80 years ago, on 7 February 1944 the last legal Prime Minister of Estonia before the Soviet annexation Jüri Uluots gave an interview that turned out to be one of the most important broadcasts in the history of the Estonian Broadcasting Company. In the following days it was published or referred to in most of the Estonian newspapers. The quote above summarises the main idea of the interview.

Declaration of Mobilisation

Uluots had been keeping a low profile after the German occupation authorities rejected the conditional proposal for cooperation implicitly made in the name of the Republic of Estonia in the summer of 1941. After that he had dismissed all the German proposals for substantive or propagandistic cooperation. However, he had not participated directly in the activities of the hitherto passive national resistance groups either.

Since Uluots had been inactive for some time his public appearance in February 1944 was significant, but his message was even more important – Estonians should take up arms to defend their country against the Soviet occupants. More specifically, Uluots supported the general mobilisation of men born in 1904-1923 announced by Head of the Directorate of the Estonian Self-Administration Hjalmar Mäe on 31 January 1944. The general mobilisation also included some special categories, e.g., officers, military surgeons etc.

The wording of the mobilisation order was quite strange. In fact, it was a top-notch propaganda document without any hint to the actual operators – the Germans: “The defence of the Estonian land and people against the attacks of Bolshevik Russia demands the readiness of all able-bodied men for armed struggle. To this end I shall order the following:

§ 1. All men born in 1904-1923 who were citizens of the former Republic of Estonia before 20 June 1940 shall be mobilised into Estonian army units…”

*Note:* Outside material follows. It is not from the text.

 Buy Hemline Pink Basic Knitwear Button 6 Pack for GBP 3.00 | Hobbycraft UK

Possibly, there were some who actually believed that the “Estonian army” was being formed but it was clearly a minority. A more attentive reader of the news must have noticed that the mobilisation orders were issued by Inspector-General Oberführer Johannes Soodla, who was actually the local recruitment officer for Waffen-SS. At the same time Soodla was appointed Commander of the Reinforcement Unit of the Estonian Waffen-SS.

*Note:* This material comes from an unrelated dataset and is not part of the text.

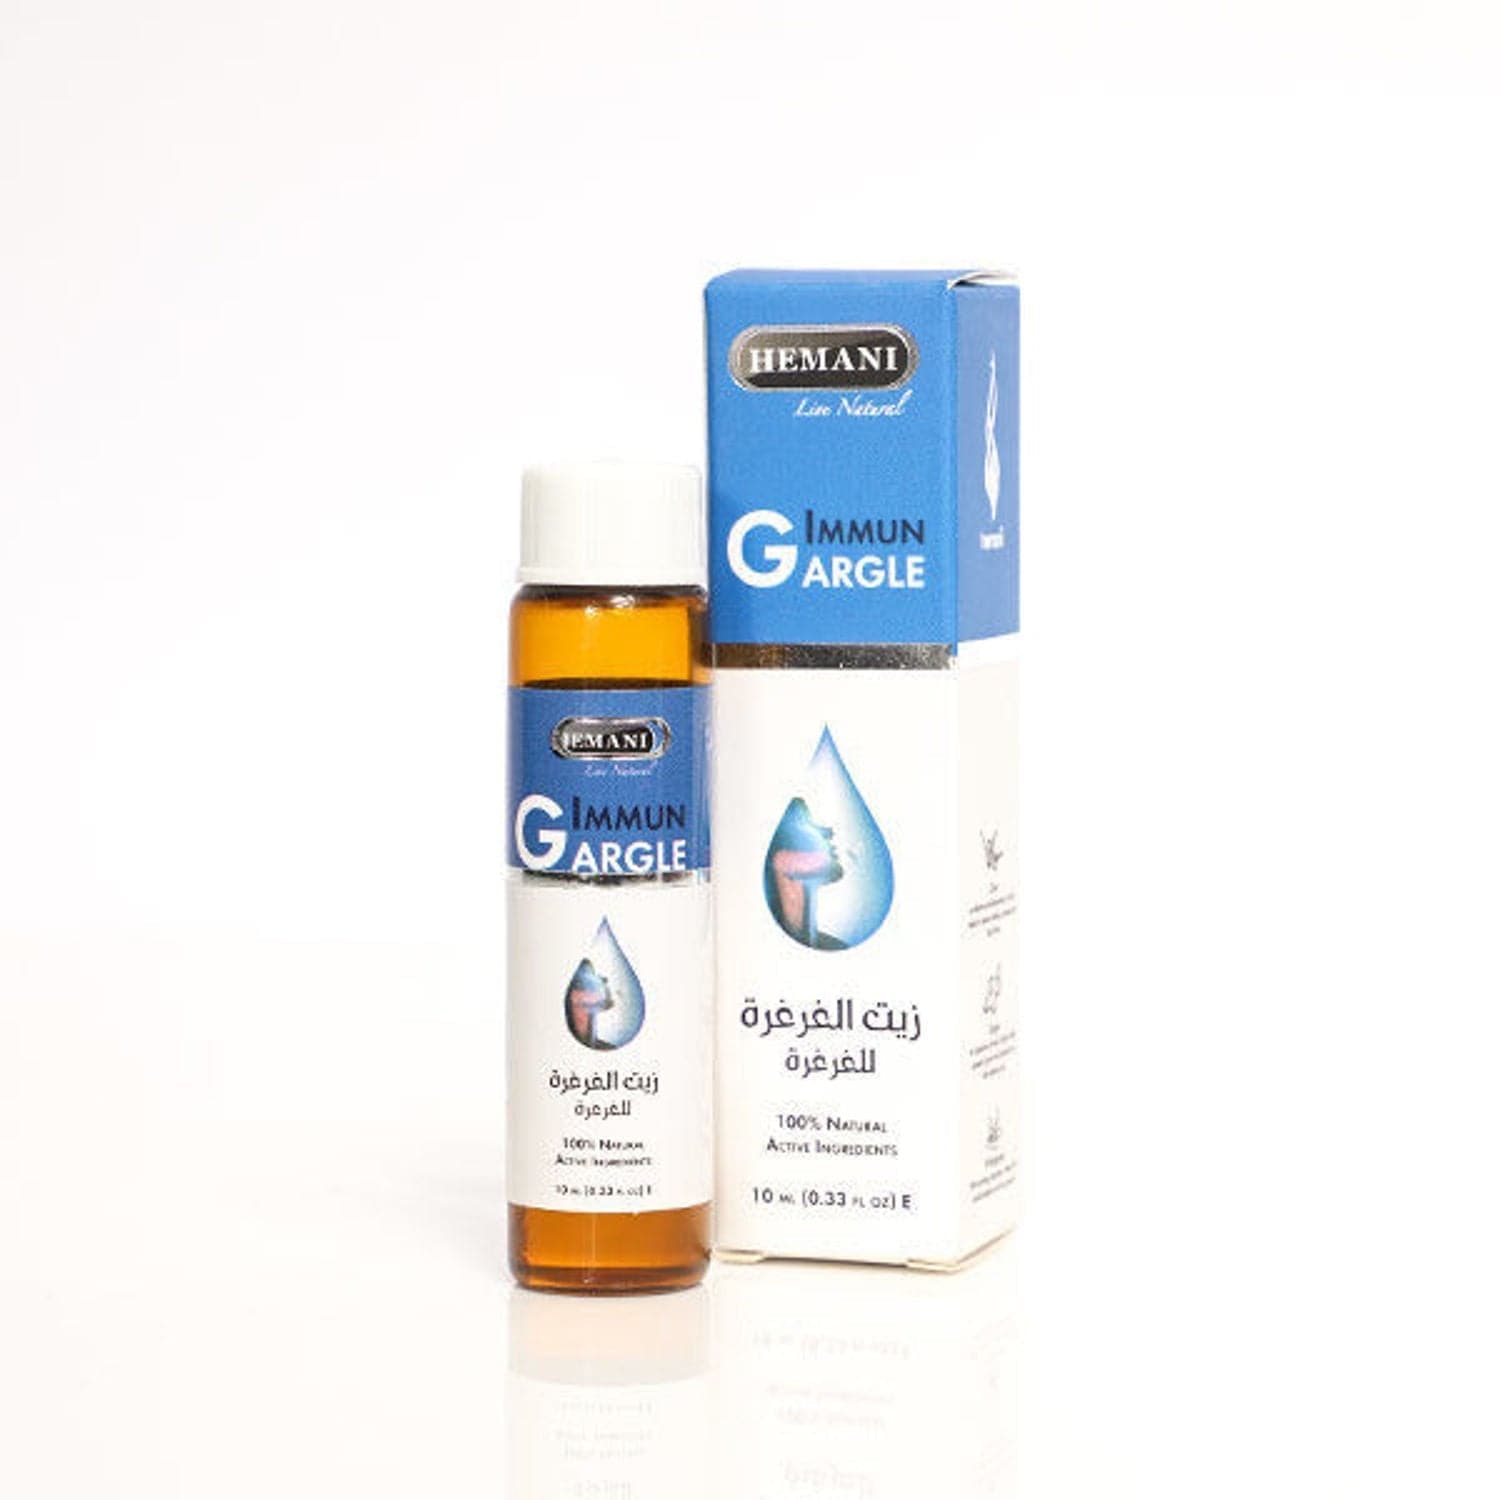 Hemani Immun Gargle Oil 10Ml - Premium  from Hemani - Just Rs 520.00! Shop now at Cozmetica

In reality the mobilisation was carried out with the approval of Adolf Hitler, under the orders of SS-Reichsführer Heinrich Himmler and the general leadership of Higher SS and Police Leader in Ostland Obergruppenführer Friedrich Jeckeln. The latter authorised Inspector-General Soodla to carry out the mobilisation. The involvement of the Directorate of the Estonian Self-Administration and its Head Hjalmar Mäe added the process some Estonian flavour but had no practical role in the whole thing.

Although an average recruit was not an expert of international or constitutional law the general understanding was that Hjalmar Mäe had no direct or indirect authority to declare the mobilisation in the name of the Republic of Estonia. Presumably the majority of the recruits realised that it was a German mobilisation, just ostensibly organised by Estonians.

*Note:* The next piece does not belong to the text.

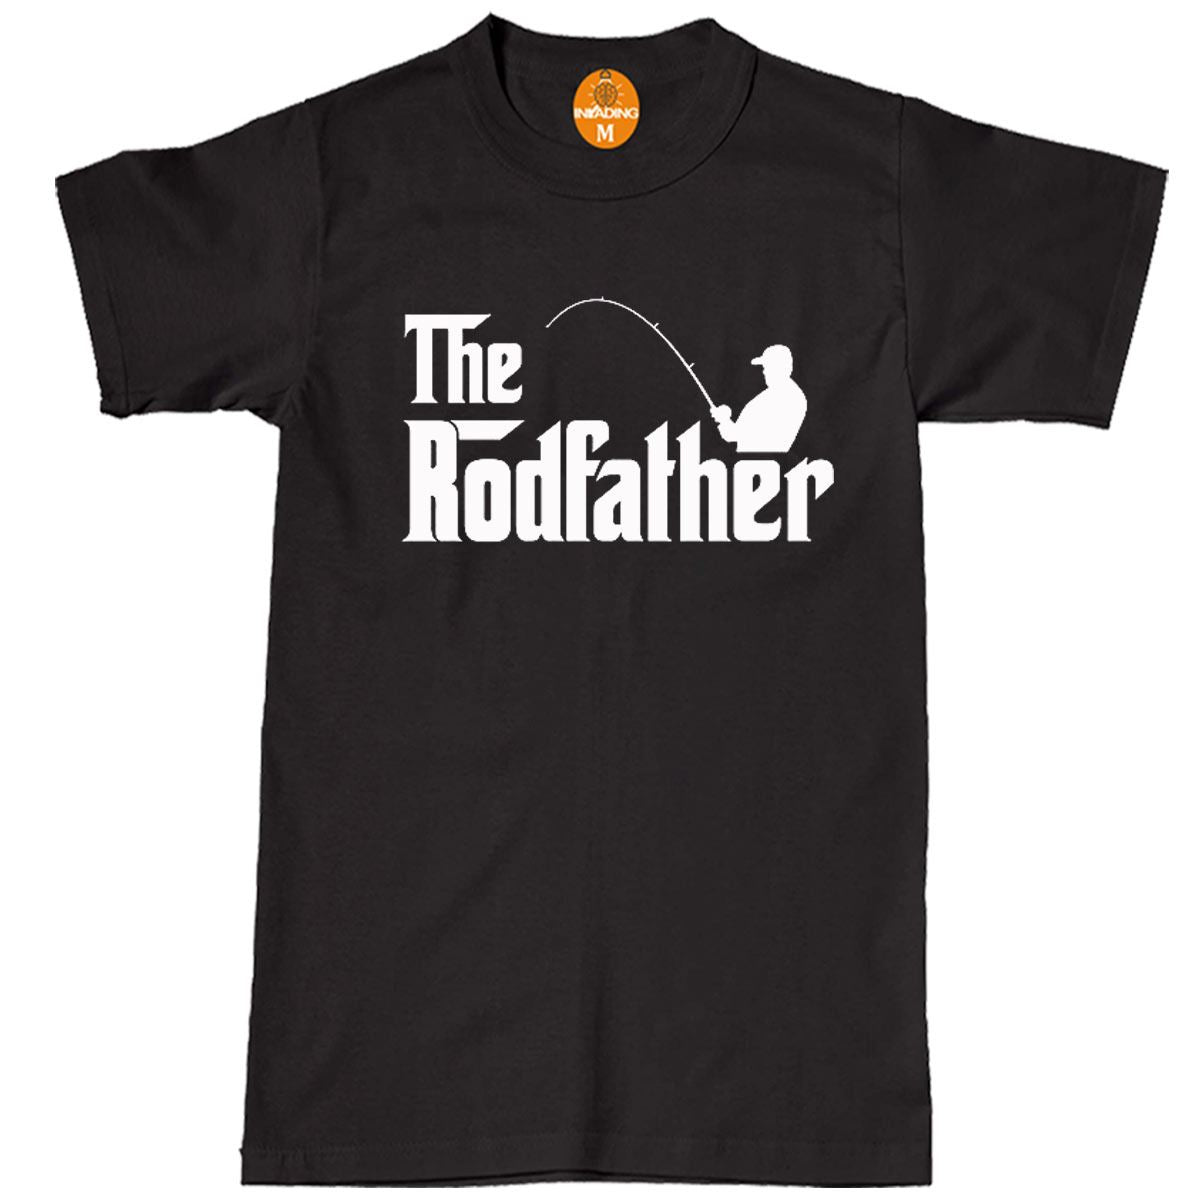 The Rodfather Funny Fishing T-Shirt Fisherman Gift Black / L

This called into question the success of the mobilisation right from the start, and the Germans probably sensed this as well. In the last months of 1943 Generalkommissar Litzmann had made it clear that the planned mobilisation would not be a success unless some political concessions about autonomy were made to the Estonians. Thus, 15,000 troops were allowed to be mobilised in Estonia, although the number of men born in those years was considerably higher (ca 80,000 and half of them could have been taken to active service immediately).

The Waffen-SS wanted to complete the 20th Estonian SS Division with younger conscripts. It was not clear what was to be done with the rest of the men. The initial plan was to put them at the disposal of the Commander of the Rear of Army Group North (Nord) to form three border defence regiments. But this question also remained unsolved for the time being, since nobody knew how many men would turn up. The Red Army offensive at the Narva front also influenced the plans – the first completed units of the fresh recruits were sent almost straight to the front (regiment “Tallinn” already on 12 February).

Impact of Jüri Uluots’s Interview

Obviously not all the conscripts were summoned to the recruitment offices on the same day. They had to report for duty depending on the year of birth between 3-11 February. The beginning was quite slow. According to memoirs, the men were not inclined to rush to the recruitment office on the first day, instead there were meetings and discussions, à la, “Let’s wait and see”. At least statistically, the interview by Uluots seems to have made a strong impact. By 8 February more than 10,000 had reported at the recruitment offices, on 11 February the total number exceeded 20,000, on 19 February – 30,000 and on 25 February the total number of recruits was more than 35,000.

Officially the mobilisation was scheduled to end on 11 February. But since many of the conscripts had decided to come at the last moment the recruitment offices were overwhelmed and could not receive them all. Many were advised to come back after a few days, and even longer exemptions were granted lightly. Draft dodgers were not actively pursued and punishments were quite lenient.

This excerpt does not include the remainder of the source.